You will also need an application you can deploy to your infrastructure. For the purpose of this demo, a simple Hello World nodeJS application is provided for you.

  • index.js
  • package.json
  • Dockerfile
File: index.jsLanguage: js
const express = require('express')
const app = express()
const port = 3000

app.get('/', (req, res) => {
  res.send('Hello World!')
  res.status(200).json
})

app.listen(port, () => {
  console.log(`Access your application at`, `http://localhost:${port}`)
})

module.exports = app

Once you have the files downloaded, you can deploy your infrastructure using the following commands:

Language: sh
sam build && sam deploy

Test it Out

After the provided templates are deployed, you can find the the following AWS CloudFormation outputs using the following commands:

Language: sh
RepositoryUrl=$(aws cloudformation --region us-east-1 describe-stacks --stack-name nodejs-sam --query "Stacks[0].Outputs[?OutputKey=='RepositoryUrl'].OutputValue" --output text) && echo $RepositoryUrl

FQDN=$(aws cloudformation --region us-east-1 describe-stacks --stack-name nodejs-sam --query "Stacks[0].Outputs[?OutputKey=='FQDN'].OutputValue" --output text) && echo $FQDN

WARNING

Note: You will want to build and push your container image prior to deploying this application to Fargate.
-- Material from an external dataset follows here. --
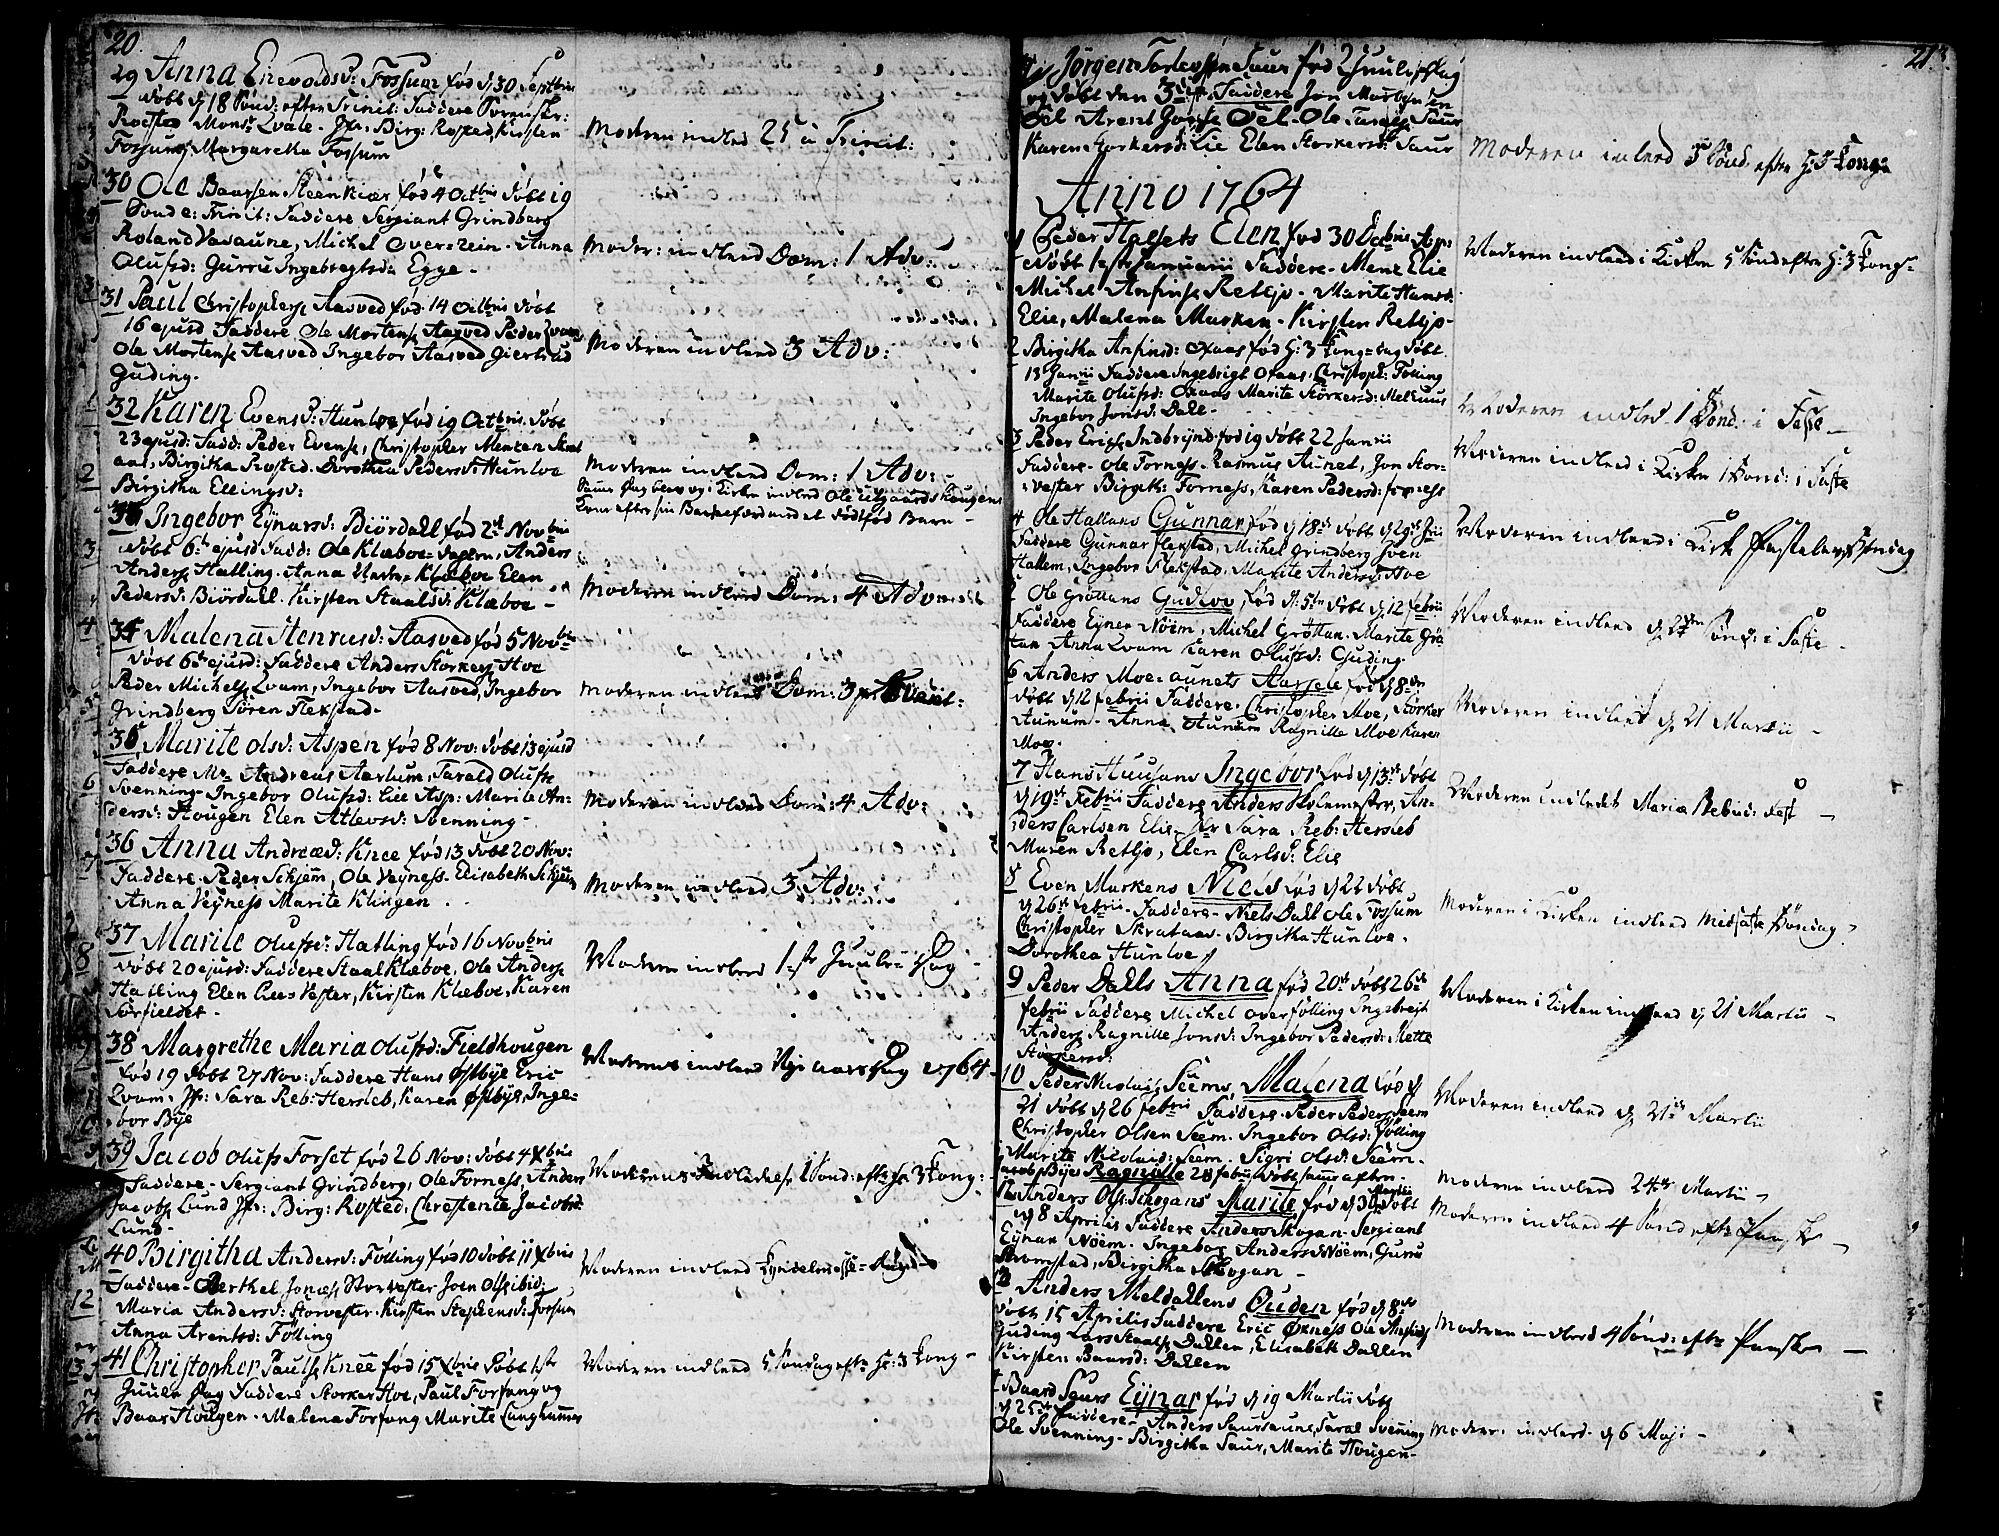 SAT, Ministerialprotokoller, klokkerbøker og fødselsregistre - Nord-Trøndelag, 746/L0440: Ministerialbok nr. 746A02, 1760-1815, s. 20-21

The default template will look for the image in your provisioned Amazon Elastic Container Registry with the tag "latest". Once the image exists, you will be able to test your application using the output retrieved from the FQDN command.

TIP

In Production, it's not best practice to use the latest tag for your containerized application images. Instead, you'll want to tag your images per release as part of your CI/CD workflow or pipeline.